0.2.9 latest code, running cpu at 100%, and out of memory.
3STHSTTYPE 02:03:36:347430000 GMT j9mm.126 - at 326DC760 java/lang/Thread.run()V, jit 31FA6144, pc 31A79B80
3STHSTTYPE 02:03:36:347426000 GMT j9mm.126 - at 37F2EEF8 com/sshtools/j2ssh/transport/TransportProtocolCommon.run()V, jit 320DB310, pc 38807784
3STHSTTYPE 02:03:36:347416000 GMT j9mm.126 - at 37F2F128 com/sshtools/j2ssh/transport/TransportProtocolCommon.startBinaryPacketProtocol()V, jit 31F396B4, pc 319A33F4
3STHSTTYPE 02:03:36:347412000 GMT j9mm.126 - at 37F2F1D8 com/sshtools/j2ssh/transport/TransportProtocolCommon.processMessages()Lcom/sshtools/j2ssh/transport/SshMessage;, jit 31EF9F4C, pc 31921FAC
3STHSTTYPE 02:03:36:347405000 GMT j9mm.126 - at 37F331B8 com/sshtools/j2ssh/transport/TransportProtocolInputStream.readMessage()[B, jit 320DE1DC, pc 3880AE00
3STHSTTYPE 02:03:36:347398000 GMT j9mm.126 - at 3279A7A0 java/io/ByteArrayOutputStream.write([BII)V, jit 31DB7130, pc 3163AA20
3STHSTTYPE 02:03:36:347390000 GMT j9mm.101 - J9AllocateIndexableObject() returning NULL! 1073741840 bytes requested for object of class 326DA4E8 from memory space '' id=00000000
3STHSTTYPE 02:03:36:346716000 GMT j9mm.53 - GlobalGC end: workstackoverflow=0 overflowcount=0 weakrefs=12195 soft=2826 phantom=247 finalizers=491 newspace=60029432/60397568 oldspace=434149576/1006632960 loa=0/0
HERE is the fix in the SshMessageStore.java class.
This was endlessly looping because the timeout passed was 0, and if an EOF happened when trying to get a message, then it would never be able to get the message, and it looped forever, 100% max the cpu, and then the server dies with out of memory exception.
This works great!
/**
* <p>
* Get a message from the store. This method will block until a message
* with an id matching the supplied filter arrives, the specified timeout
* is reached or the message store closes. The message is removed from the
* store.
* </p>
*
* @param messageIdFilter an array of message ids that are acceptable.

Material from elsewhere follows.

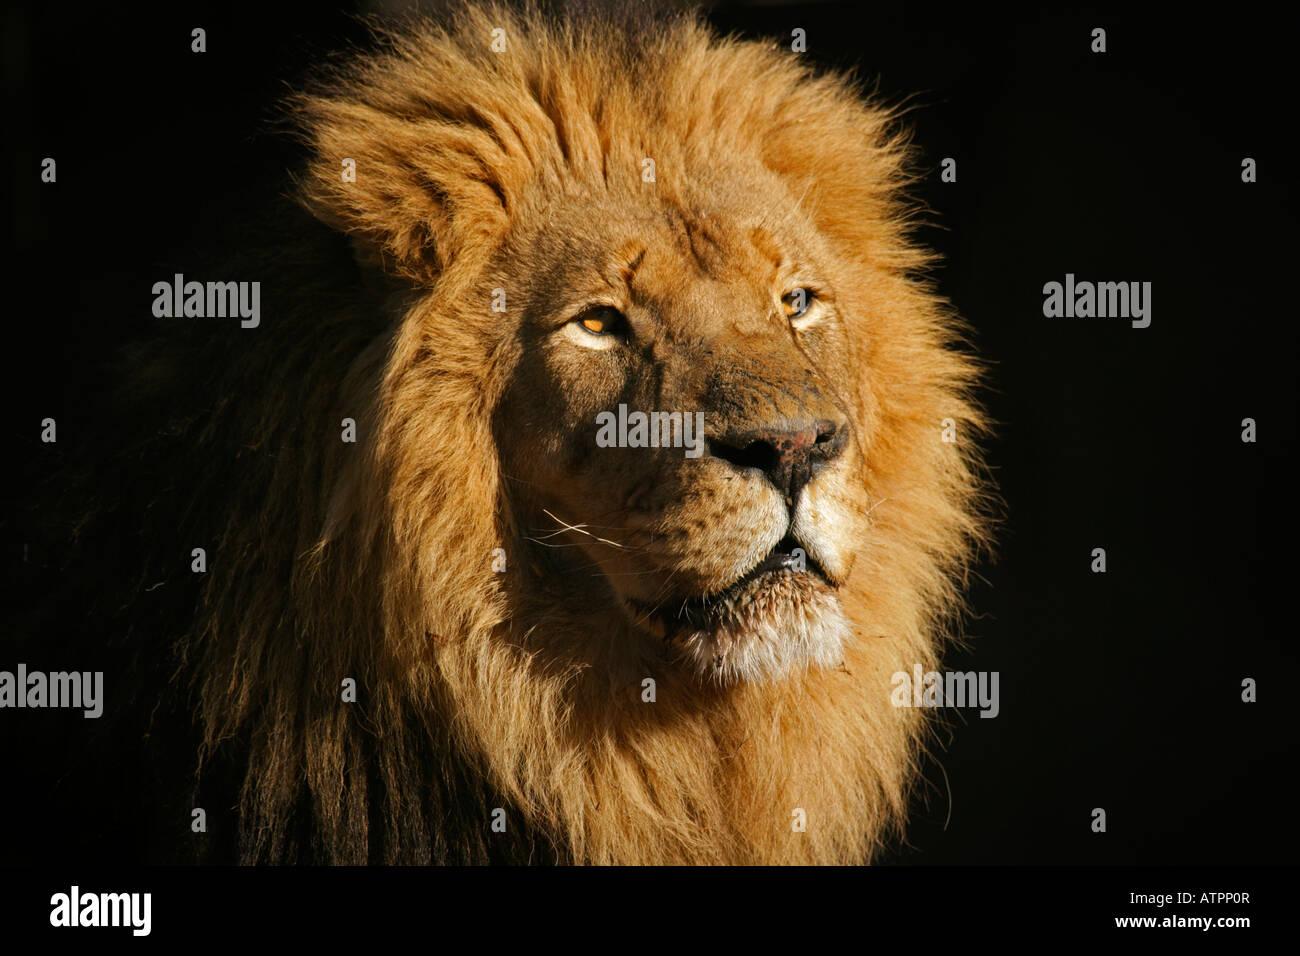 Portrait d'un grand mâle African lion (Panthera leo), sur un fond noir, Afrique du Sud Photo Stock
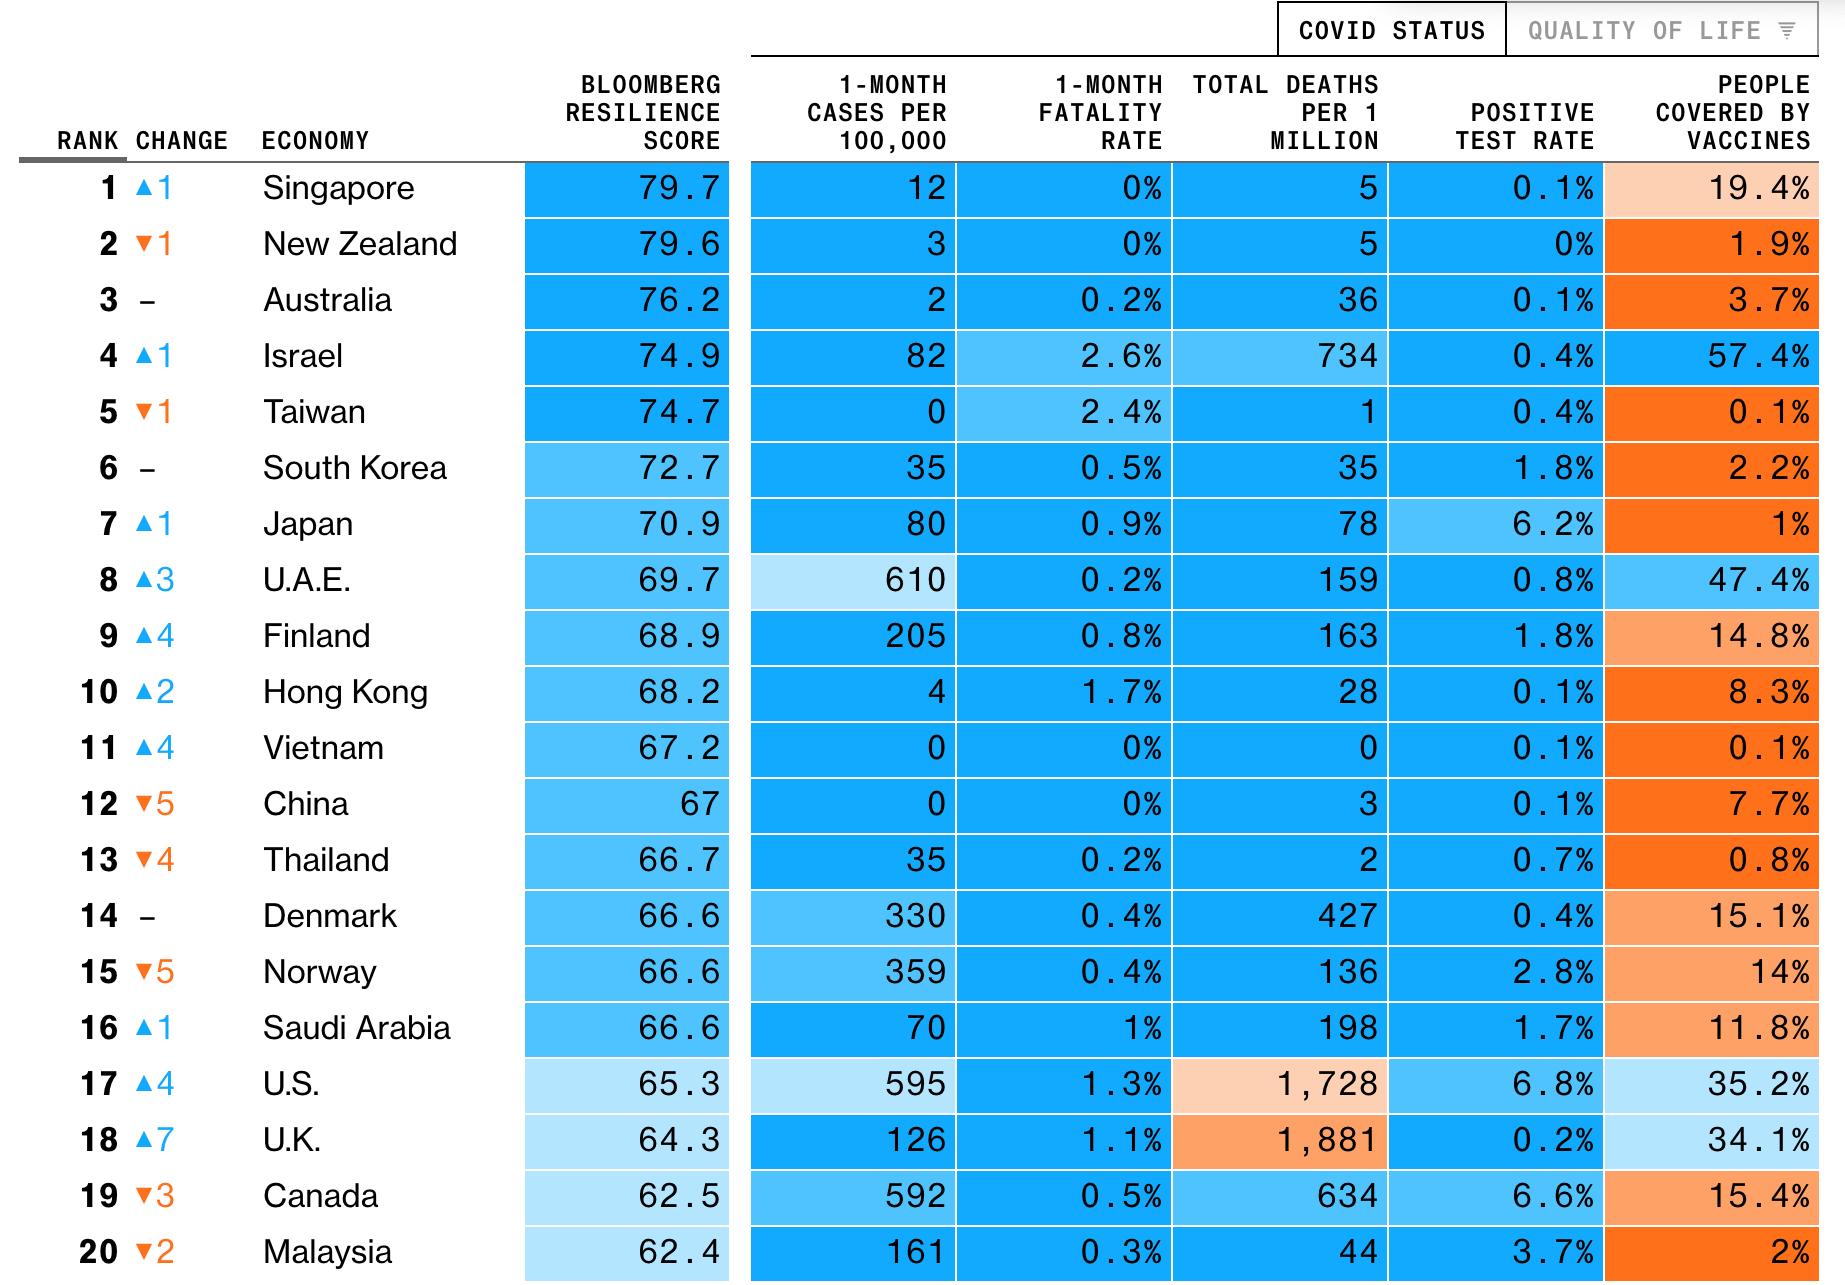 Bloomberg обнародовал рейтинг самых стойких стран к COVID-19

* @param timeout the maximum number of milliseconds to block before
* returning.
*
* @return the next available message
*
* @throws MessageStoreEOFException if the message store is closed
* @throws MessageNotAvailableException if the message is not available
* after a timeout
* @throws InterruptedException if the thread is interrupted
*
* @since 0.2.0
*/
public synchronized SshMessage getMessage(int[] messageIdFilter, int timeout) throws MessageStoreEOFException, MessageNotAvailableException, InterruptedException {
if ((messages.size() <= 0) && isClosed) {
throw new MessageStoreEOFException();
}
if (messageIdFilter == null) {
return nextMessage();
}
//if timeout less than 0, set to 0.
if (timeout < 0) {
timeout = 0;
}
SshMessage msg=null;//the message
int tries=0;//number of tries to get message
int tryLimit=50;//number MAX to try to get message
while ((messages.size() > 0) || !isClosed) {
// lookup the message
msg = lookupMessage(messageIdFilter, true);
if (msg != null) {
return msg;
} else {
// If the number of tires exceed the limit, throw the exception, can't wait forever, or enless loop and bring down the application.
if(tries>tryLimit) {
throw new MessageNotAvailableException();
}
}
// Now wait
if (!isClosed) {
//releases the lock on this method.
wait((timeout == 0) ? interrupt : timeout);
//Yes, this is not the best solution, but it will work.
//if we already tried 25 times, and don't have a message, start sleeping a second the next 25 seconds, to give 25 seconds for a response.
if(tries>25){
Thread.sleep(1000);
}
}
tries++;
}
throw new MessageStoreEOFException();
}
SSHMessageStore java class with fix
Thanks for pointing this out. Indeed, there could be a problem.
How about changing
if (!firstPass && (timeout > 0)) {
throw new MessageNotAvailableException();
}
to
if (!firstPass) {
throw new MessageNotAvailableException();
}
?
Would it solve the issue? Comments are welcome.
I don't want to change the code as I am not sure whether we'll experience side effects or not.